= Gwythyr ap Greidawl =

In Welsh mythology, Gwythyr ap Greidawl was a rival of Gwyn ap Nudd, a deity connected with the otherworld. In the Middle Welsh prose tale Culhwch ac Olwen, he is named as a member of Arthur's retinue and takes part in the quest to win the hand of Olwen for Arthur's cousin, Culhwch. Gwthyr would join Arthur on a journey to Pennant Gofid in Hell to retrieve the blood of the witch Orddu. His father is Greidawl Galldonyd, a fellow knight in Arthur's court. In Bonedd yr Arwyr, his genealogy is given as Gwythyr son of Greidawl the son of Enfael the son of Deigyr the son of Dyfnwal the son of Ednyfed the son of Maxen the son of Llywelyn. The Welsh Triads name him as the father of Arthur's second wife, also named Gwenhwyfar.

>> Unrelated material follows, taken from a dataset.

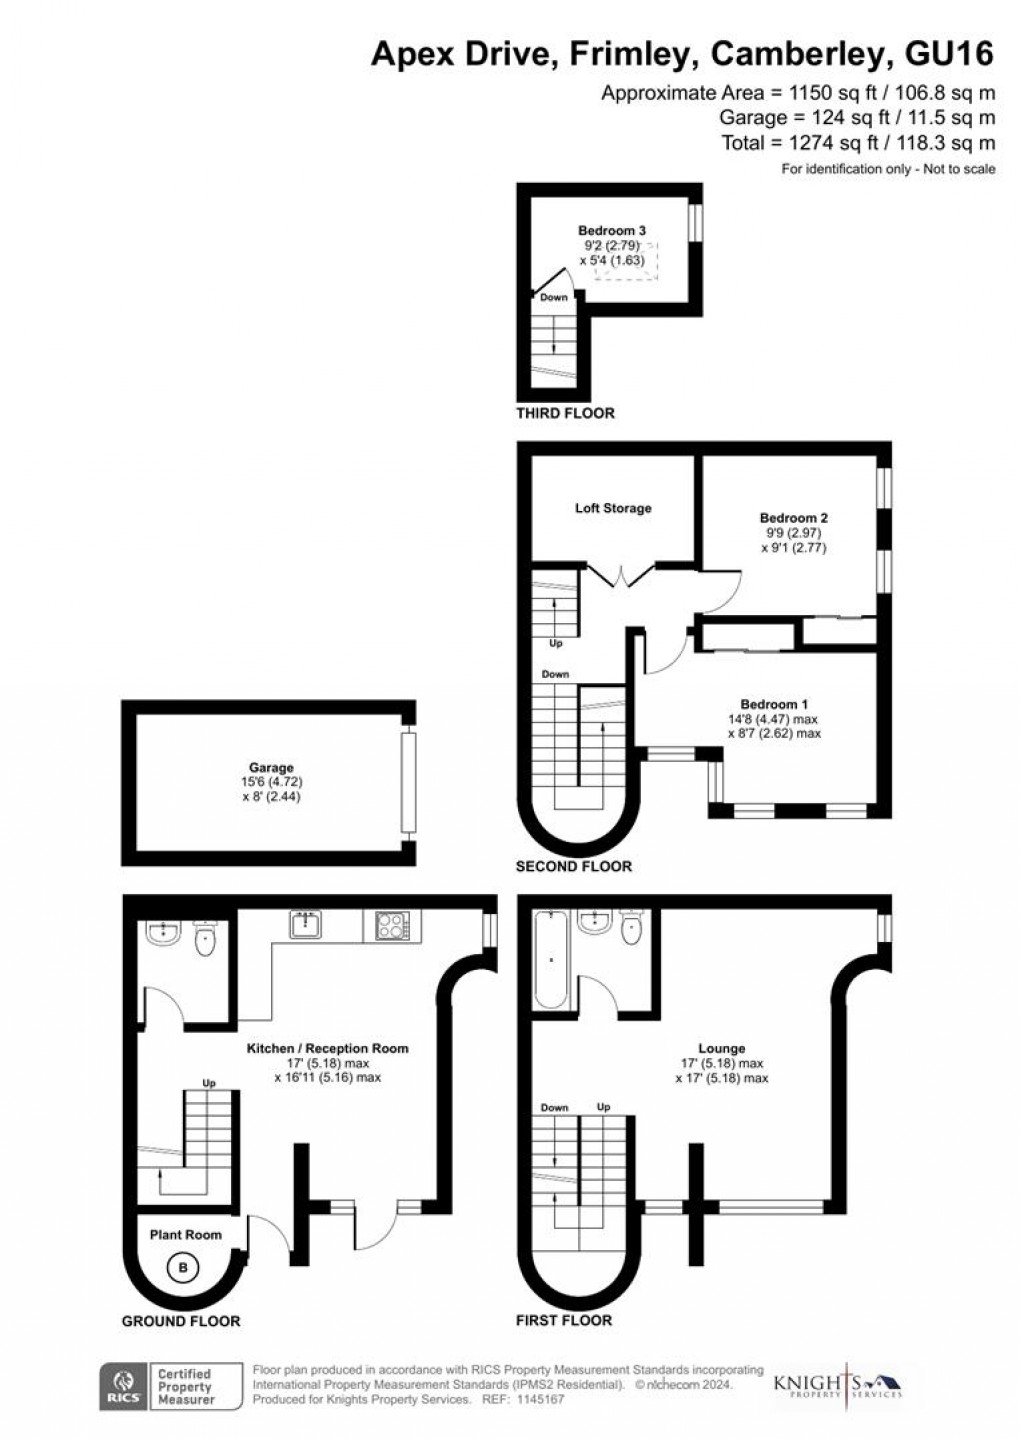 Floorplan for Apex Drive, Frimley, Camberley
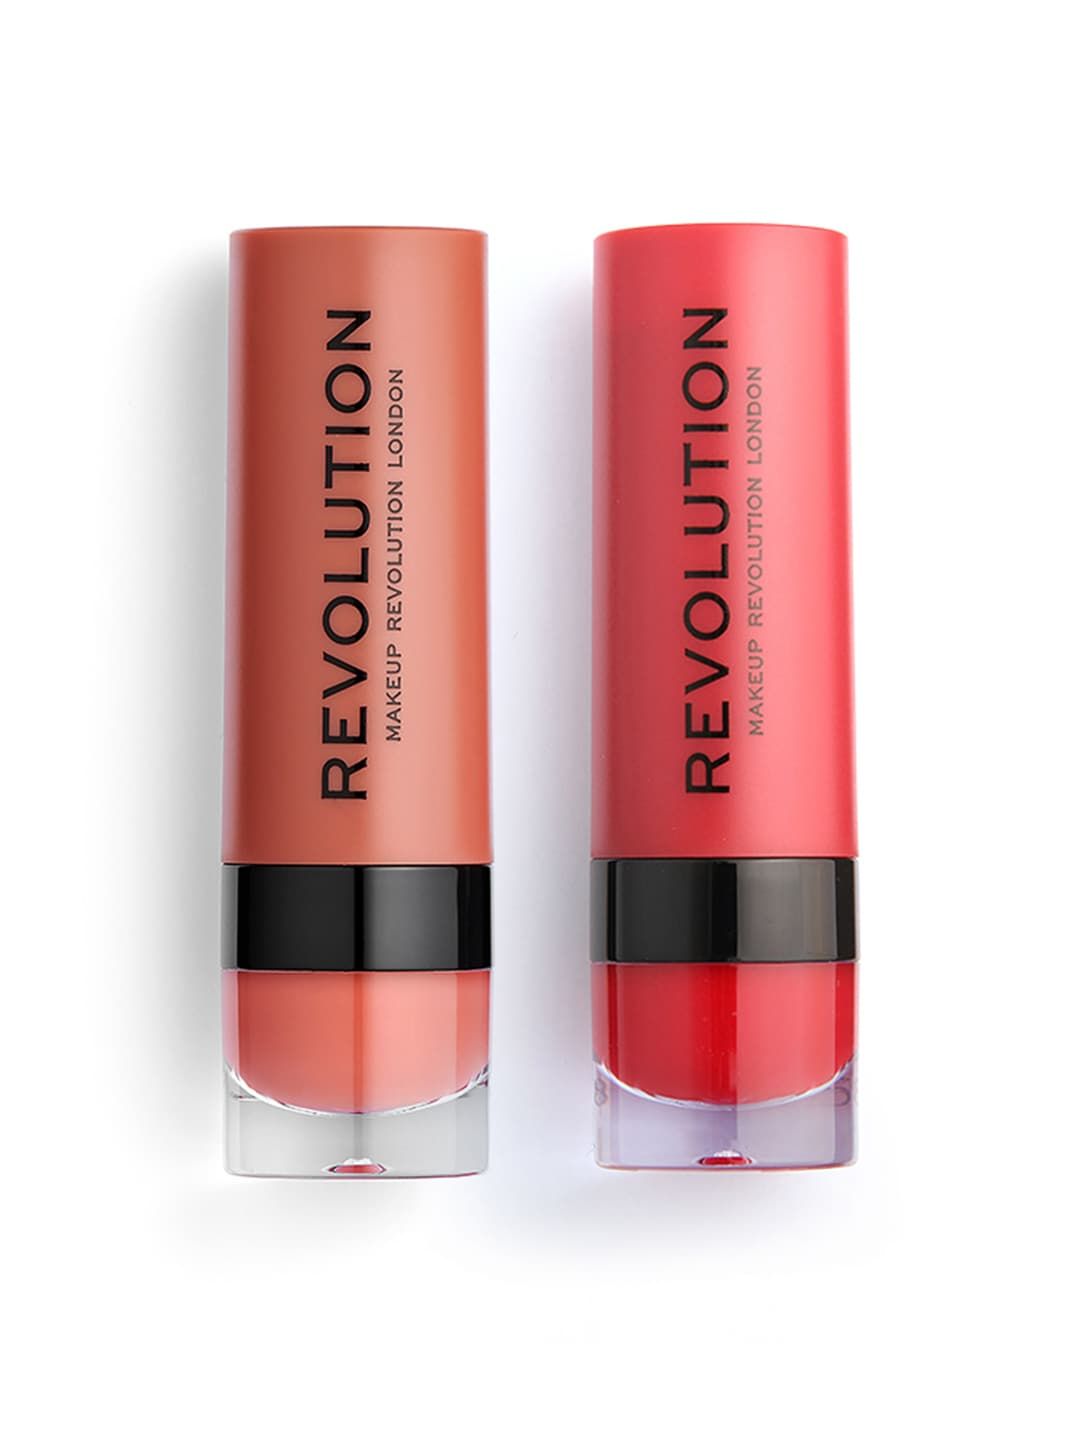 Makeup Revolution London Set of Day to Night Matte Lipsticks - Cherry 132 & Attraction 105 Price in India

Sometime before the main events of Culhwch and Olwen, Gwythyr was engaged to marry Creiddylad, daughter of Lludd, who was stolen from him by her brother, Gwyn ap Nudd. In a violent battle, Gwyn defeated his rival, kept Creiddylad and took a number of Gwythyr's chieftains prisoner. When Arthur heard of this, he forced Gwyn to release the noblemen and made peace between the two adversaries.

Every Calan Mai, the two would fight over Creiddylad, until a battle on Judgment Day, in which the victor would keep her forever. Their rivalry has been taken to represent the contest between summer and winter and is a variant of the Holly King myth.